Structural mechanics of MsbA family ABC transporters

MsbA家族ABC转运蛋白的结构力学

• 批准号: 6969318
• 负责人: JOHN Francis HUNT
• 金额: $ 29.73万
• 依托单位: COLUMBIA UNIV NEW YORK MORNINGSIDE
• 依托单位国家: 美国
• 财政年份: 2005
• 资助国家: 美国
• 起止时间: 2005-08-01 至 2009-07-31
• 项目状态: 已结题
• 来源: https://reporter.nih.gov/project-details/6969318
• 关键词: Bacillus subtilis; Escherichia coli; SDS polyacrylamide gel electrophoresis; active sites; adenosine triphosphate; adenosinetriphosphatase; allosteric site; bacterial proteins; conformation; crystallization; enzyme activity; gel filtration chromatography; gene mutation; lipid transport; membrane transport proteins; method development; microorganism culture; phospholipids; protein protein interaction; protein purification; protein reconstitution; protein structure function; Bacillus subtilis; Escherichia coli; SDS polyacrylamide gel electrophoresis; active sites; adenosine triphosphate; adenosinetriphosphatase; allosteric site; bacterial proteins; conformation; crystallization; enzyme activity; gel filtration chromatography; gene mutation; lipid transport; membrane transport proteins; method development; microorganism culture; phospholipids; protein protein interaction; protein purification; protein reconstitution; protein structure function

DESCRIPTION (provided by applicant): ATP-binding cassette (ABC) Transporters represent the molecular architecture most commonly employed by cells to drive the active transport of solutes across membranes using adenosine triphosphate (ATP) as an energy source. ABC Transporters occur in all living organisms and comprise one of the largest gene family in fully sequenced microbial genomes. At least one bacterial ABC Transporter has been shown to be essential for the viability of E. coli, while others have been shown to function as bacterial pathogenicity factors.
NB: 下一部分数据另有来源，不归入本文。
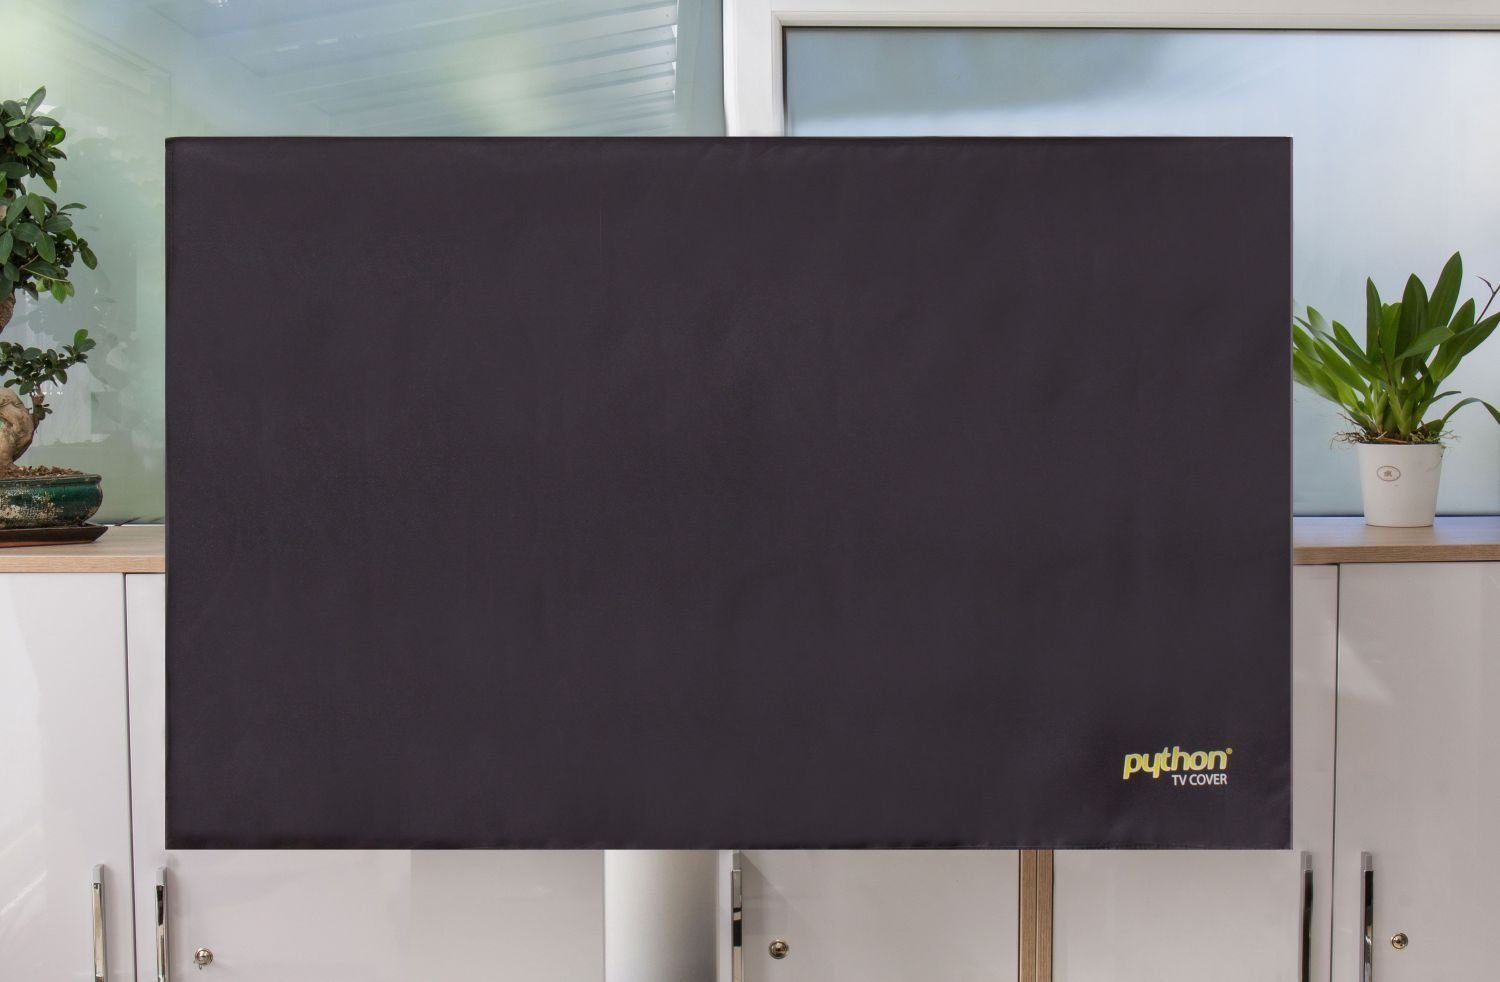 Monitor,78x48 – Universalschutz Series 28“ wetterfester TV-Cover Indoor/Outdoor bis TV-Wandhalterung TV 32“ für Ihr cm, Python oder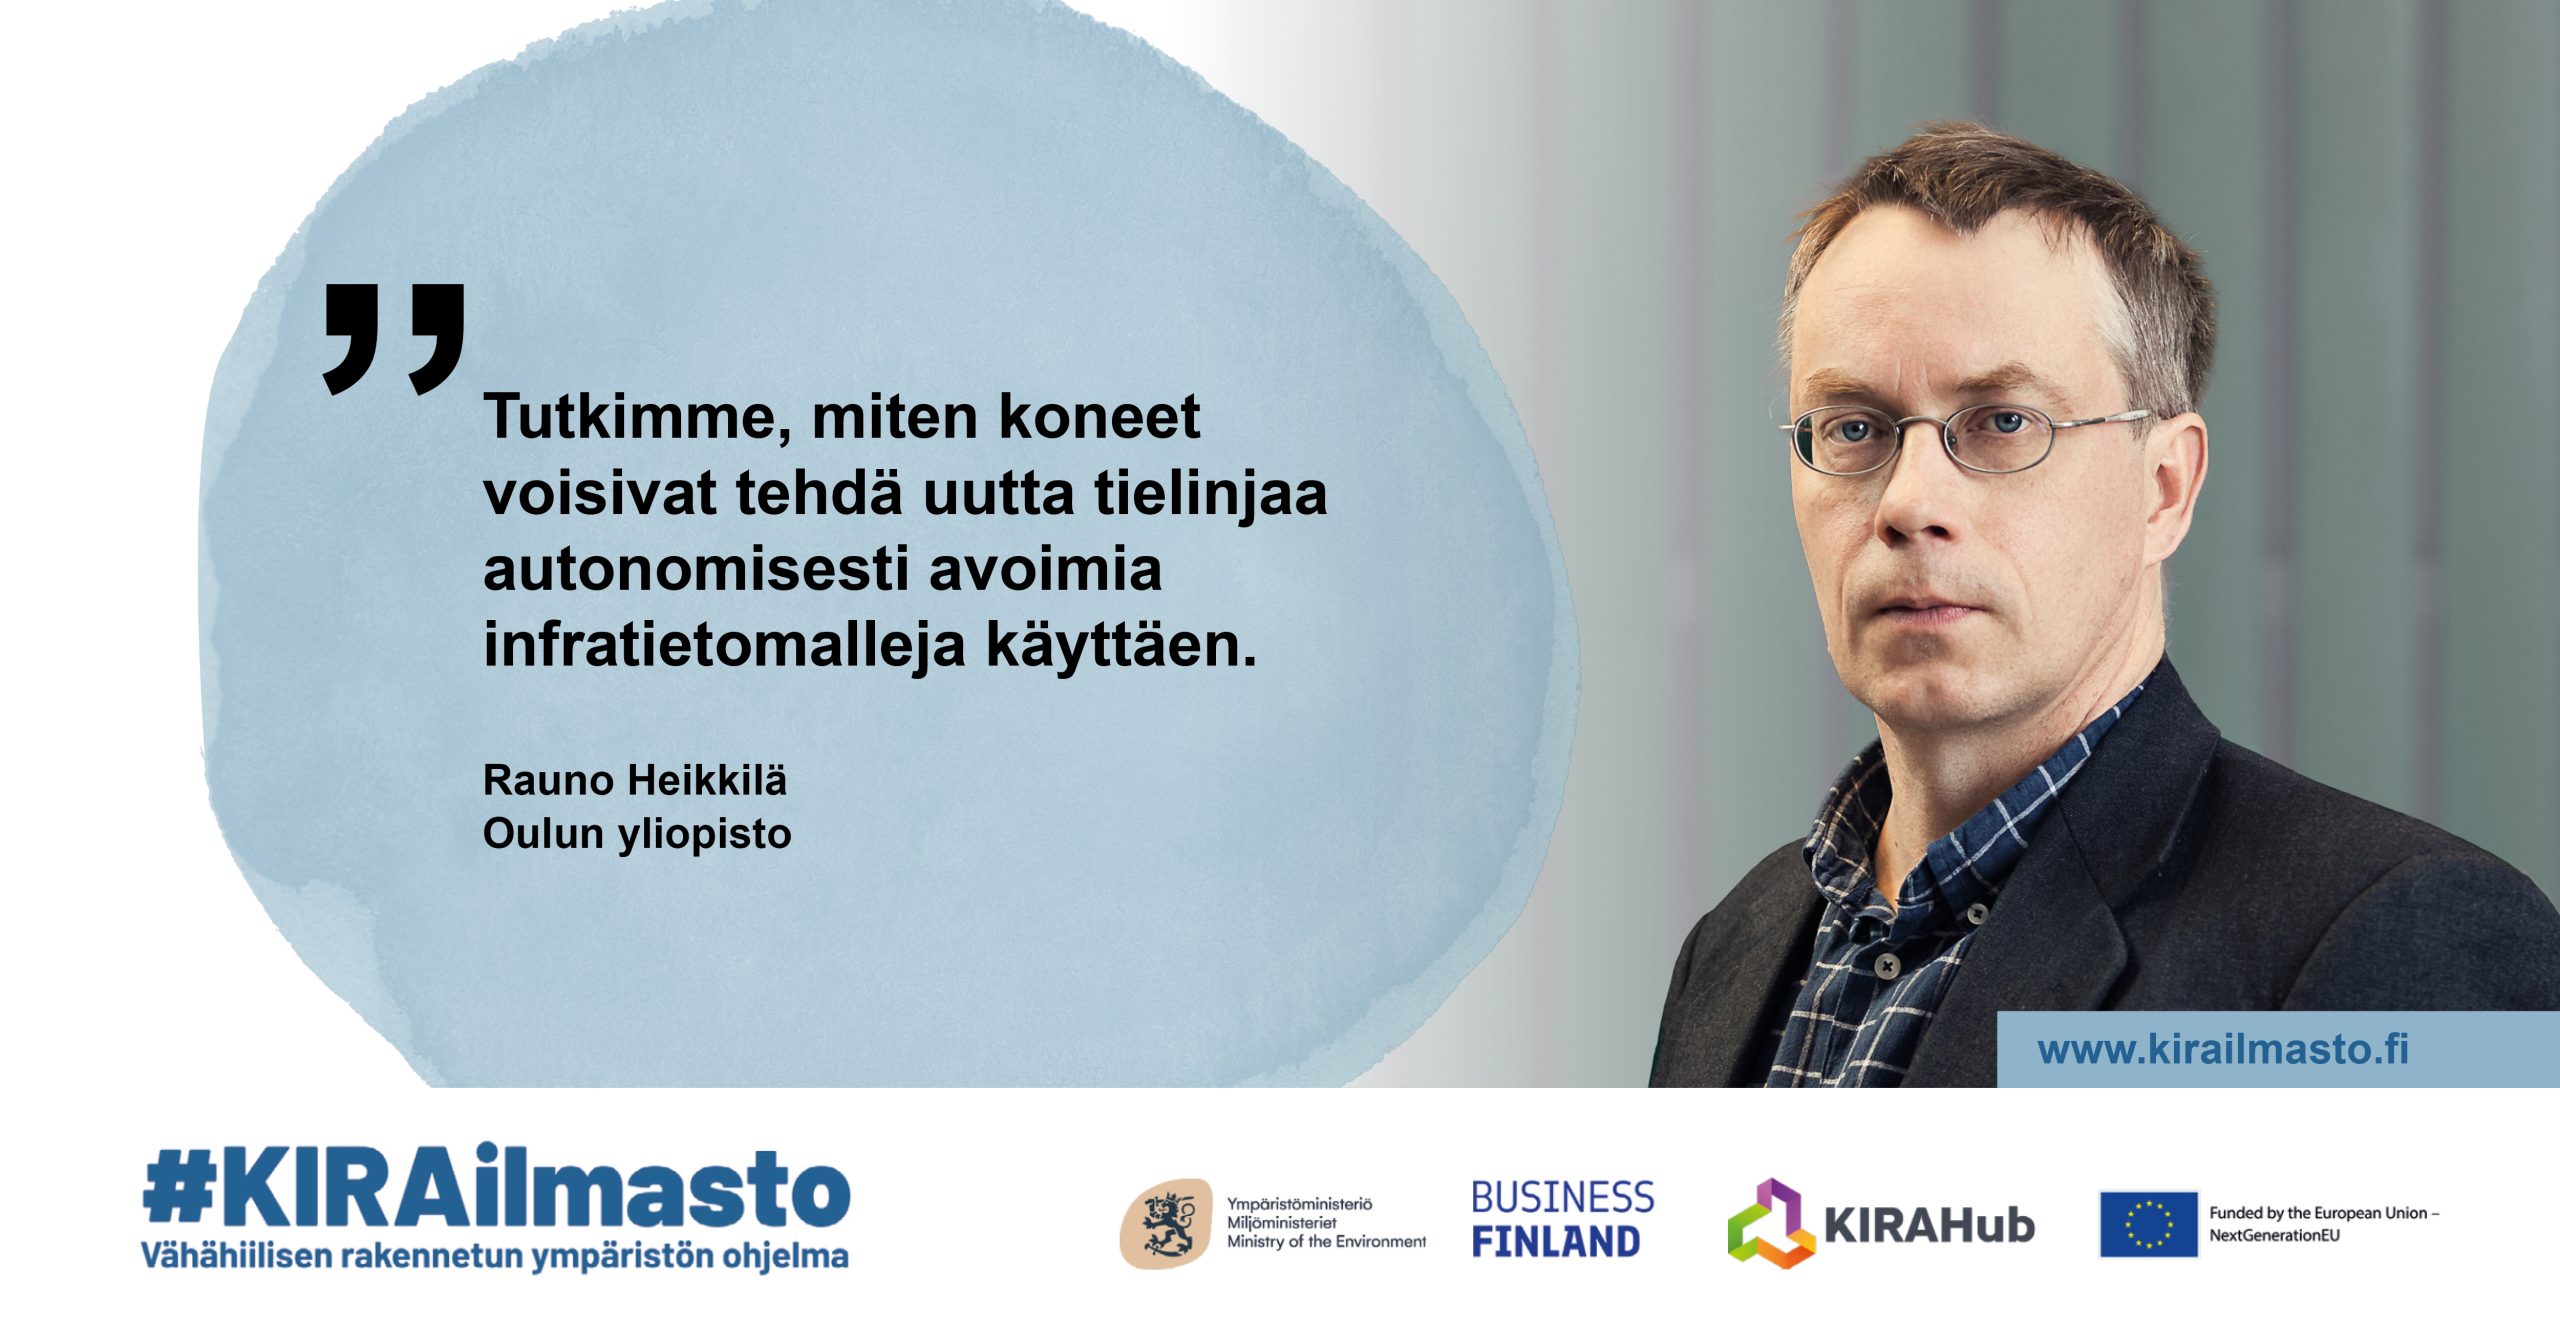 Rauno Heikkilä, sitaatti: "Tutkimme, miten koneet voisivat tehdä uutta tielinjaa autonomisesti avoimia infratietomalleja käyttäen".

The aberrant function of human ABC Transporters plays a central role in a variety of diseases including cystic fibrosis, adrenoleukodystrophy, and multidrug resistance in advanced tumors and leukemias. Previous research from my lab has helped to define the mechanism by which the structurally-stereotyped ABC motor domains in ABC Transporters employ the binding and hydrolysis of ATP to perform mechanical work. Using combined enzymological and crystallographic studies, we showed that ATP binding to conserved sequence motifs drives the formation an "ATP-sandwich dimer" by the ABC motor domains. This ATP-induced dimerization is believed to represent the power-stroke of the pumps because the physical movements of the ABC's during dimer formation is hypothesized to drive the essential conformational rearrangements in the transmembrane domains that mediate solute transport. We propose to extend our earlier studies of the mechanochemical reaction cycle of ABC Transporter motor domains to characterize the structural details of these allosteric conformational changes in the transmembrane domains that drive solute transport in one specific class of ABC efflux pumps. Our proposed studies involve a comgination of genetic, enzymological, and crystallographic approached to this fundamental biophysical problem. Successful completion of this work would provide deeper structural and mechanistic understanding that would facilitate studies on the molecular pharmacology of the disease-causing proteins in the ABC Transporter superfamily.

描述（由申请人提供）：ATP结合盒（ABC）转运蛋白代表细胞最常用的分子结构，以使用Triphosphate（ATP）作为能源来驱动溶质跨膜的主动转运。 ABC转运蛋白发生在所有生物体中，并构成完全测序的微生物基因组中最大的基因家族之一。至少一种细菌ABC转运蛋白已被证明对于大肠杆菌的生存能力至关重要，而其他细菌则是细菌致病因素。人类ABC转运蛋白的异常功能在各种疾病中起着核心作用，包括囊性纤维化，肾上腺素肌营养不良和晚期肿瘤和白血病中的多药耐药性。我实验室的先前研究有助于确定ABC转运蛋白中结构型的ABC运动结构域采用ATP的结合和水解进行机械工作的机制。使用酶学和晶体学研究结合，我们表明ATP与保守序列基序的结合驱动了ABC运动域的“ ATP-Sandwich二聚体”的形成。据信这种ATP诱导的二聚化代表了泵的强力冲程，因为假设ABC在二聚体形成过程中的物理运动可以驱动介导溶质传输的跨膜域中的必要构象重排。我们建议扩展对ABC转运蛋白运动结构域的机械化学反应周期的早期研究，以表征跨膜结构域中这些变构构象变化的结构细节，这些变化构象变化在一类特定类别的ABC外排泵中驱动溶质转运。我们提出的研究涉及对这种基本生物物理问题的遗传，酶学和晶体学的复杂化。这项工作的成功完成将提供更深入的结构和机械理解，从而有助于研究ABC转运蛋白超级家族中引起疾病​​蛋白的分子药理学。